27. Jalan?

54 15 4
                                    

"Mama kenapa nggak ke toko?" tanya Wulan.

"Mama udah tutup toko," ucap Astuty di sela suapannya.

"Kenapa?" Wulan menautkan alisnya.

"Mama di tipu klien, Wulan. Mama udah coba hubungi tapi nggak bisa," jawab Astuty.

Suasana di meja makan berubah pilu. Wulan menatap sendu ibunya. Apa karena ini, ibunya susah untuk di hubungi?

"Besok kita belanja lagi," putus Wulan melanjutkan makannya.

"Pakai apa Wulan? Mama udah usaha untuk nutup kerugian dan mulai lagi, tapi apa? Mama tetap nggak bisa untuk ngumpulin modal lagi. Modal usaha kue itu besar Wulan, bukan kayak modal buat kue cokelat," jelas sang Mama. Mengingat Wulan yang suka membuat kue cokelat.

"Mama percaya, kan, sama Wulan?" Wulan meraih tangan ibunya dan mengusap pelan.

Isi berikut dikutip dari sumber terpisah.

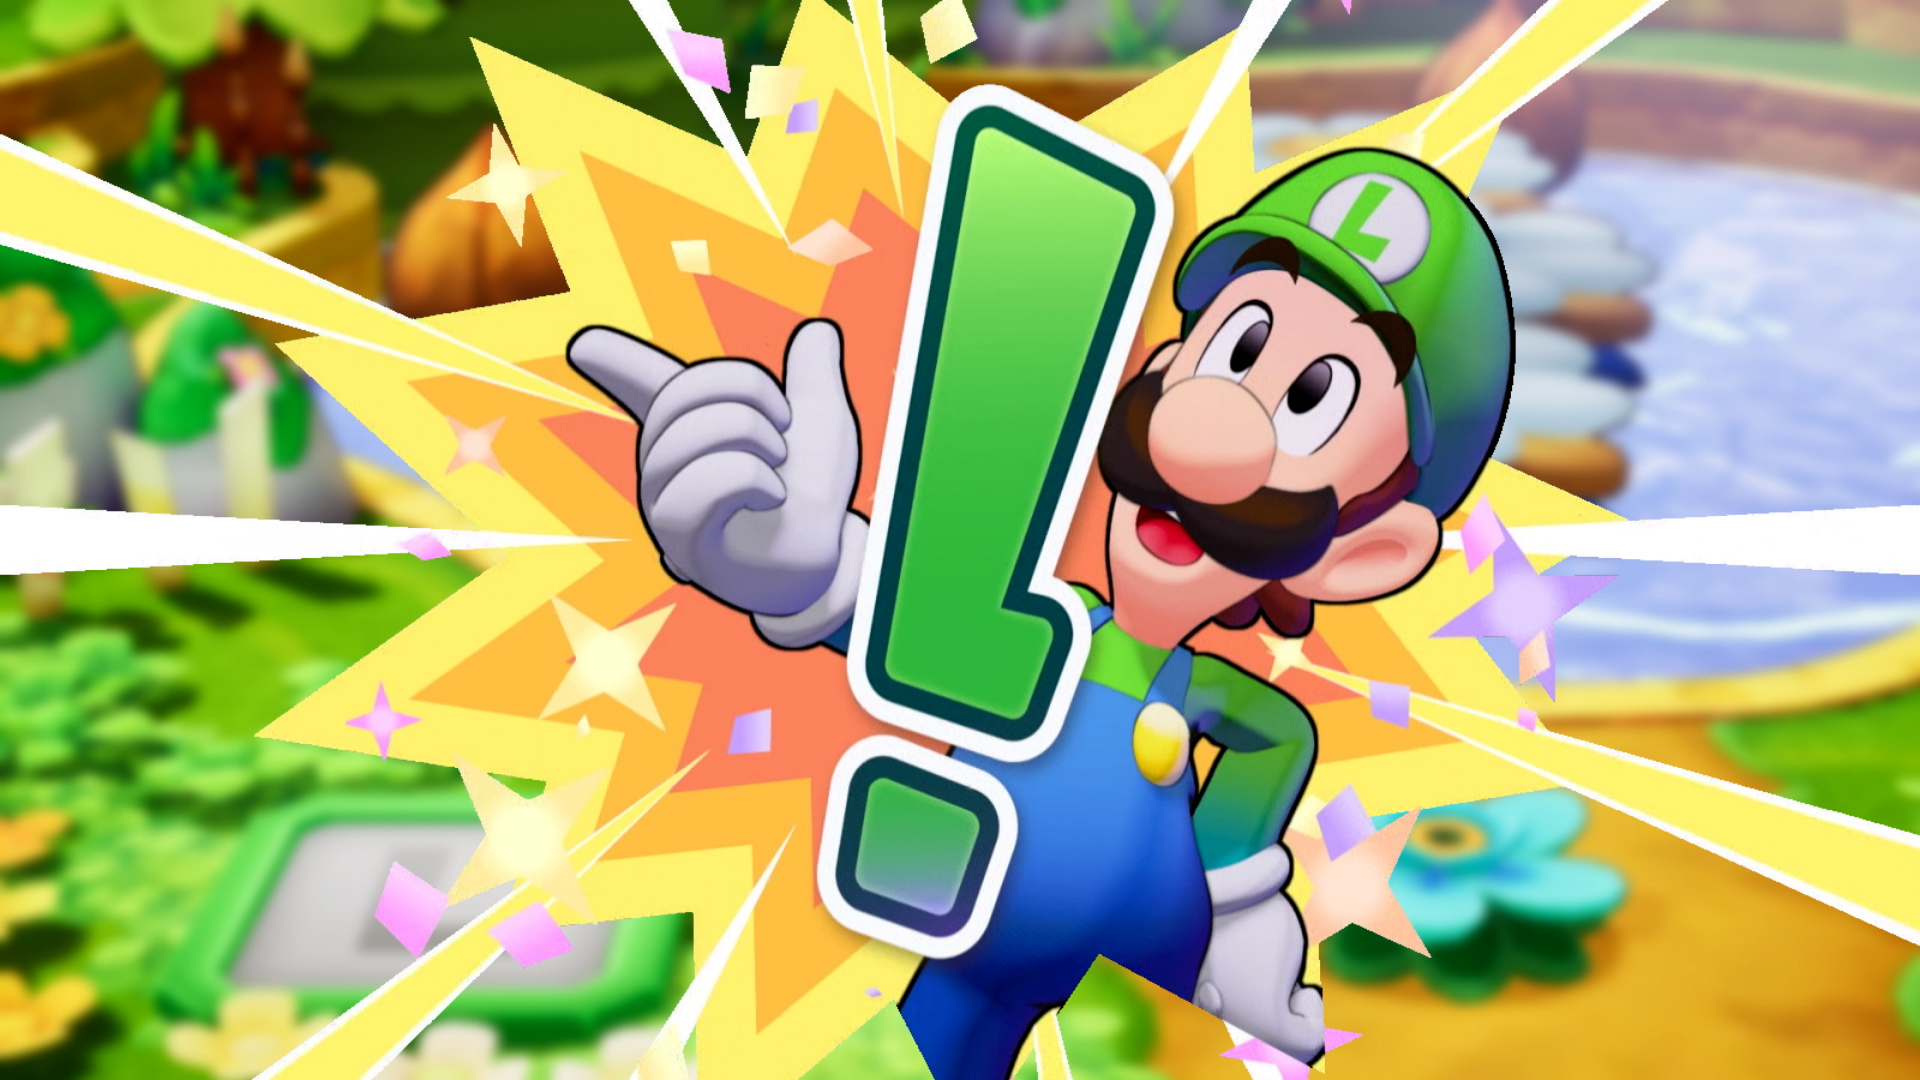 Mario et luigi l epopee fraternelle screenshot 5 5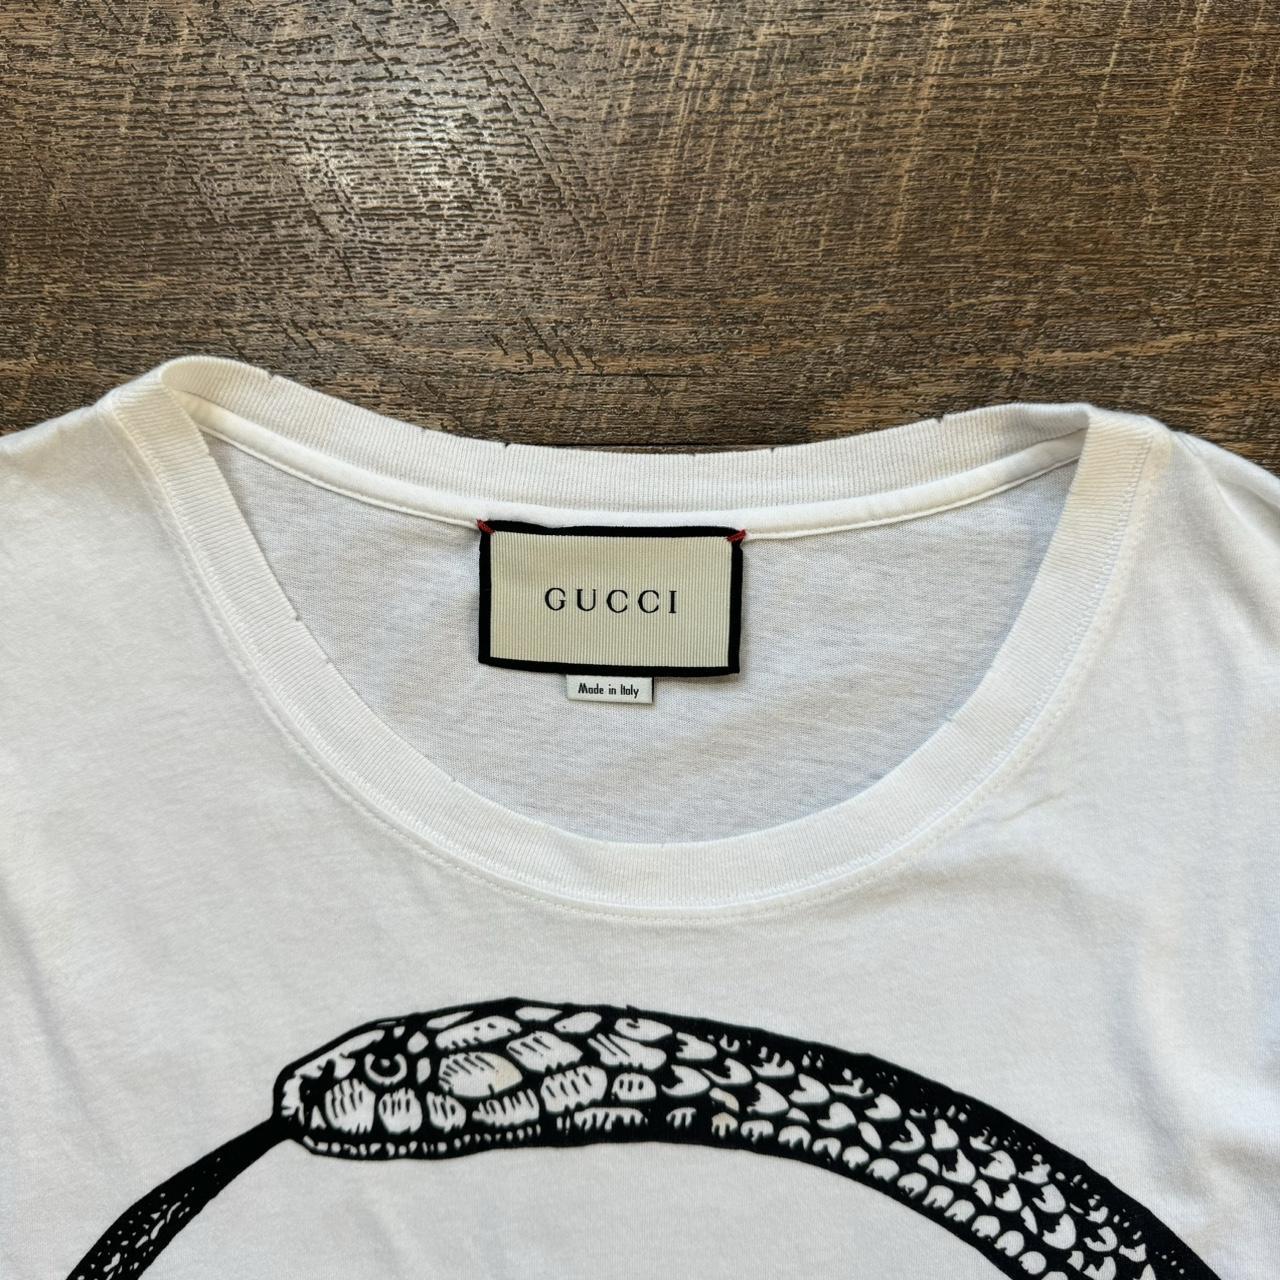 Gucci Men's White T-shirt (4)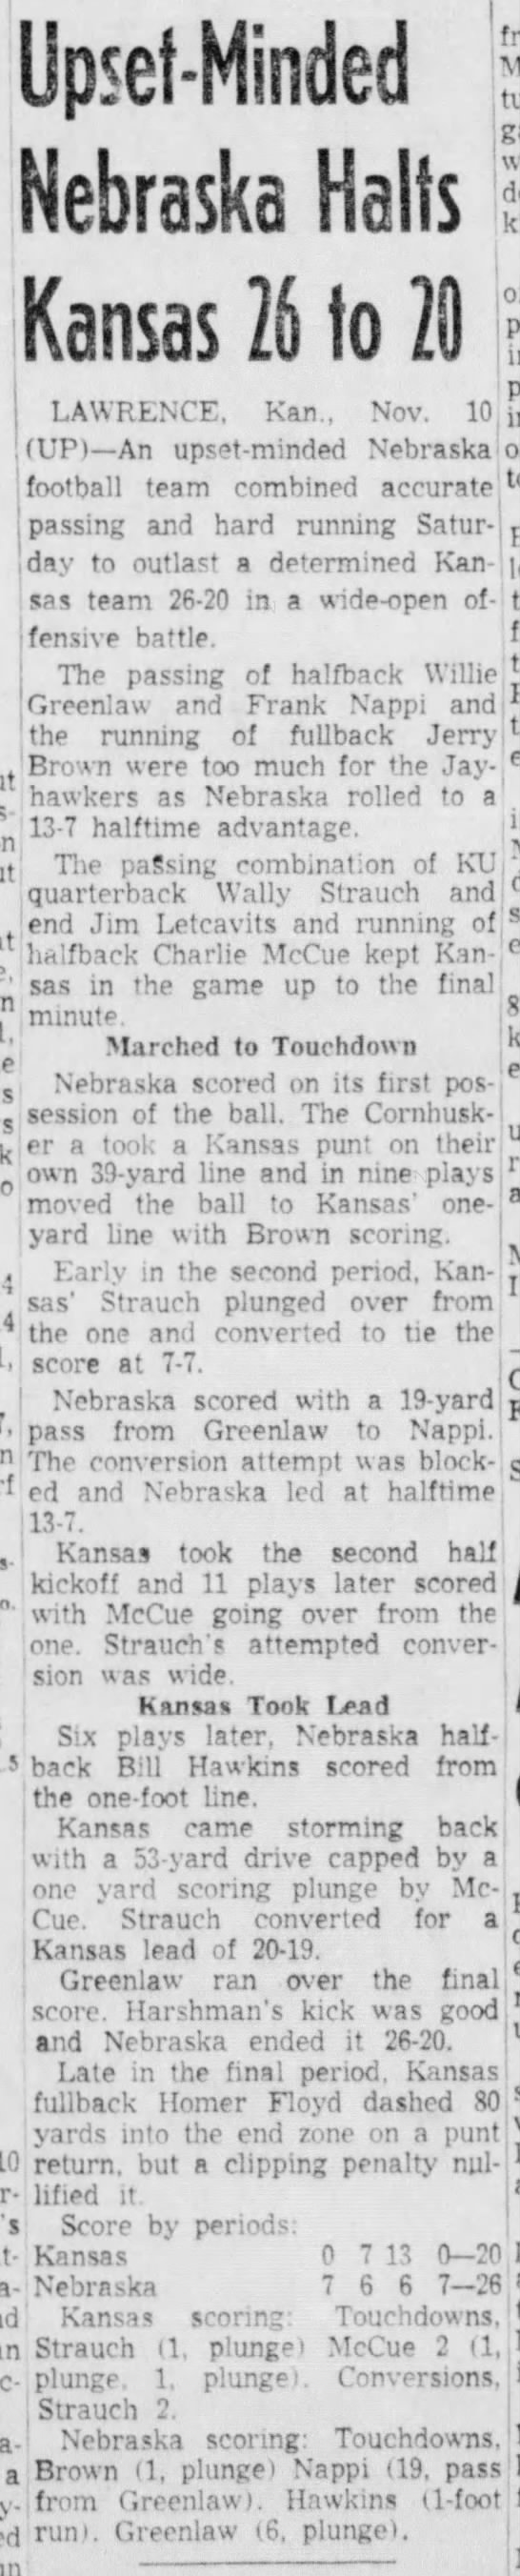 1956 Nebraska-Kansas football UP - 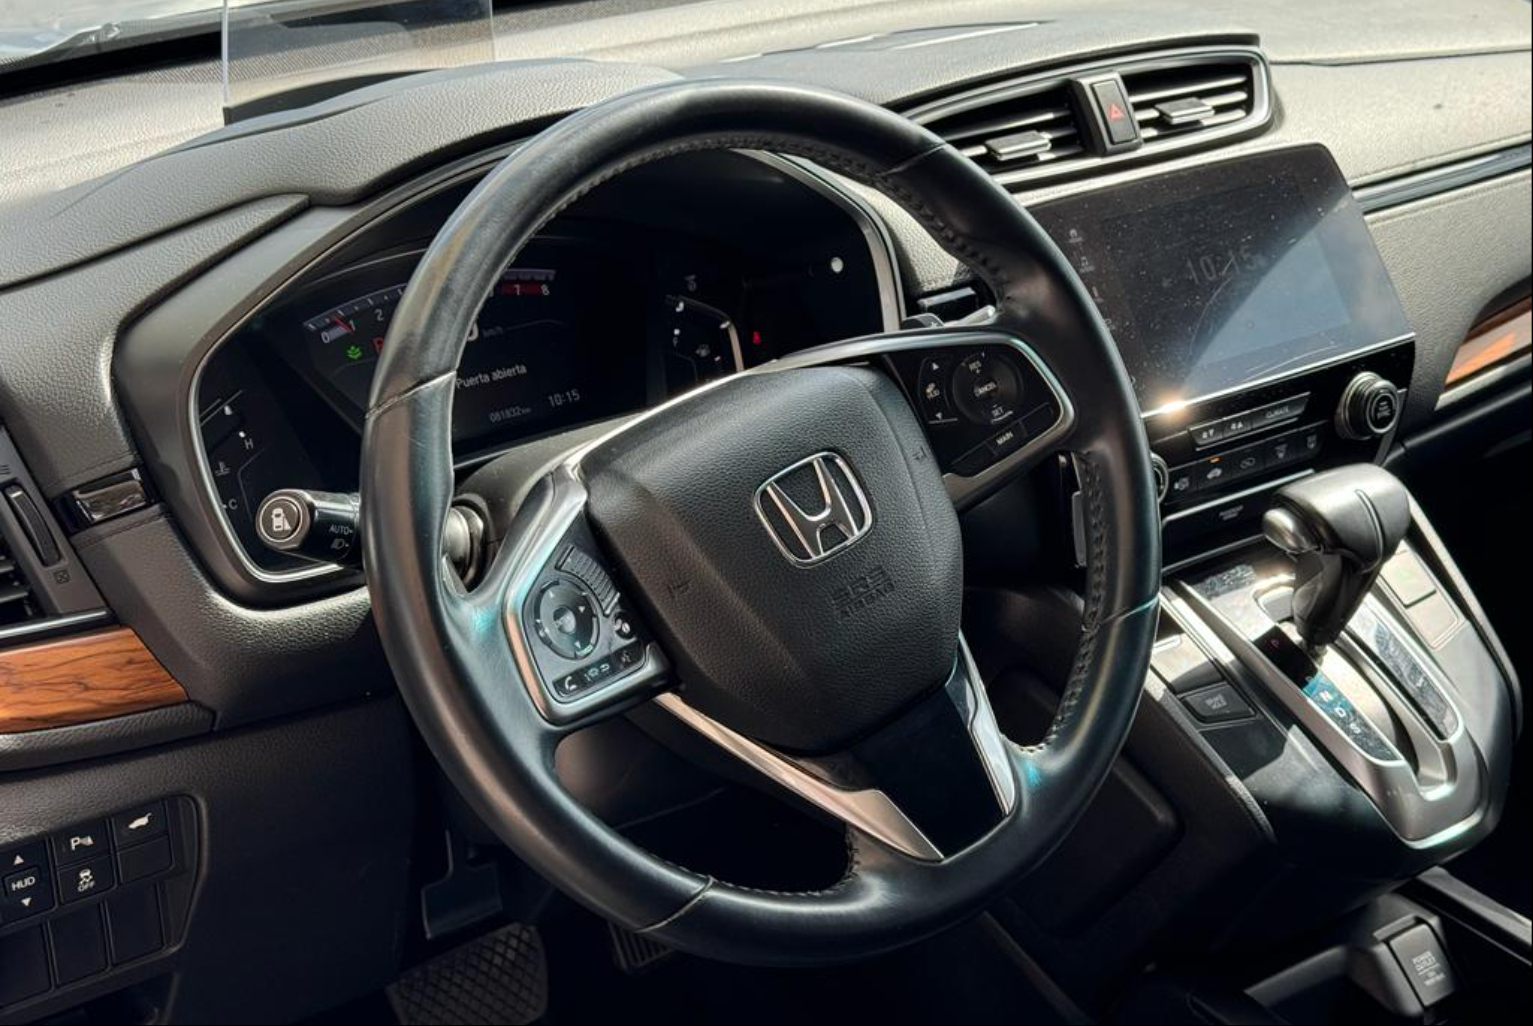 Honda CR-V 2018 Automático color Plateado, Imagen #11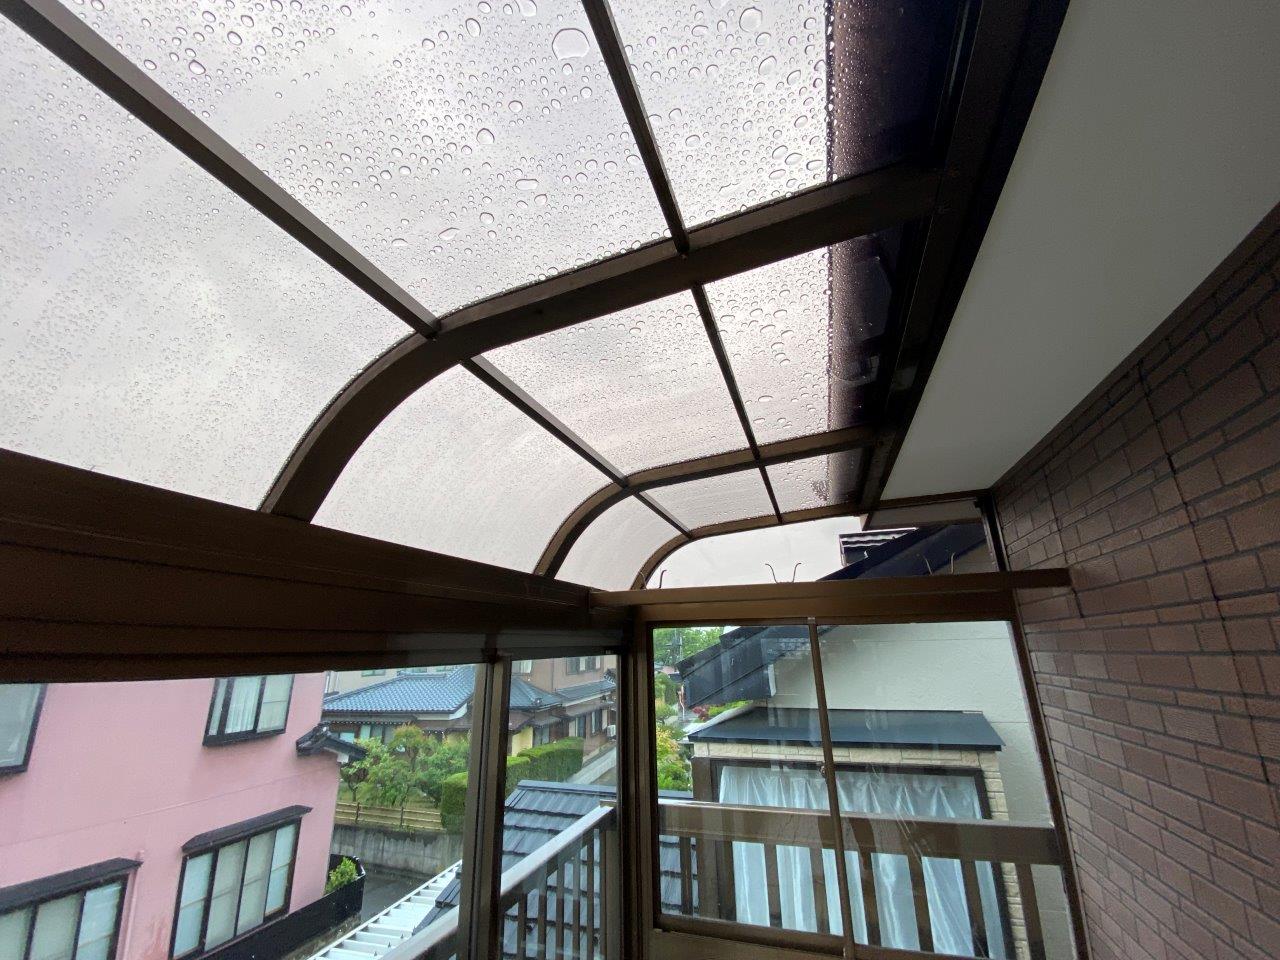 新潟市中央区にて雨漏れしていたため屋根葺き直し、軒天張り替え工事をしたY様のアンケート

Astuty mengangguk, ia tahu putrinya paling tidak suka kalau tidak dipercayai.

"Wulan yakin, kita bisa bangkit. Bukankah ini resiko jadi pengusaha? Bawa enjoy aja, Ma. Urusan mereka, Allah belum tutup mata." Wulan tersenyum singkat lalu menambah lauk ke dalam piringnya.

Astuty tersenyum. Setelah kepergian suaminya, ia mendapatkan putri sulung yang sama kuat dengan beliau. Ternyata selama ini jiwa suaminya ada di Wulan. Air mata lolos dari netra Astuty, ia terharu memiliki putri kuat seperti Wulan. Meskipun usianya baru menginjak 20 tahun. Namun, tidak menutup kemungkinan bahwa Wulan lebih kuat dari dirinya.

"Morning, Aska," ucap Keisya ketika Aska memasuki kafe.

Aska mengangguk singkat lalu duduk di meja dekat jendela. Keisya melihat hal itu pun beralih mengambil kopi yang sudah di buat Fendi. Ia berjalan membawakan kopi ke arah meja Keisya.

"Ini kopinya, Aska." Keisya menaruh kopi di atas meja.

"Oke. Makasih, ya," ucap Aska lembut.

Keisya mendengar hal itu sempat menganga. Ini pertama kalinya, Keisya mendengar Aska berbicara selembut itu padanya. Keisya tersenyum. "Oh, ya, Aska. Aku mau lapor tentang pemasukan dan pengeluaran kafe kita." Keisya melangkah mengambil buku dan kembali ke hadapan Aska.

"Ada peningkatan?" tanya Aska ketika melihat Keisya membuka buku.

Keisya mengangguk, ia sedikit menunduk untuk menjelaskan kepada Aska. Rambutnya yang terurai jatuh sehingga mengganggu Aska. Aska mengambil rambut Keisya dan mengelipkan ke belakang telinga.

Keisya merasa ada desiran aneh dalam tubuhnya. Wajahnya merona, jantungnya berpacu kencang. Sial, perlakuan seperti ini saja dapat membuatnya tidak bisa bernapas lancar.

"Kok diam?" tanya Aska mencoba mencairkan suasana.

"Eh, hah? Sampe mana, ya?" tanya Keisya.

"Nggak sampe mana-mana, Keisya .... Belum juga mulai." Aska tertawa pelan.

Keisya tertegun sesaat, pemandangan ini sangat jarang terjadi. Ada apa dengan Aska yang tiba-tiba saja berubah ketika bersamanya. Apa mungkin Aska mulai membuka hati untuk Keisya?

Keisya menjelaskan pendapatan selama sebulan dengan rinci. Ia membolak-balikkan buku menjelaskan kepada Aska, apa saja yang meningkat, apa saja yang banyak di pesan, dan golongan mana saja yang sering datang ke kafe. Aska terus mendengar Keisya tanpa menoleh sedikitpun. Ia sengaja membuat Keisya salah tingkat ketika ditatap lekat.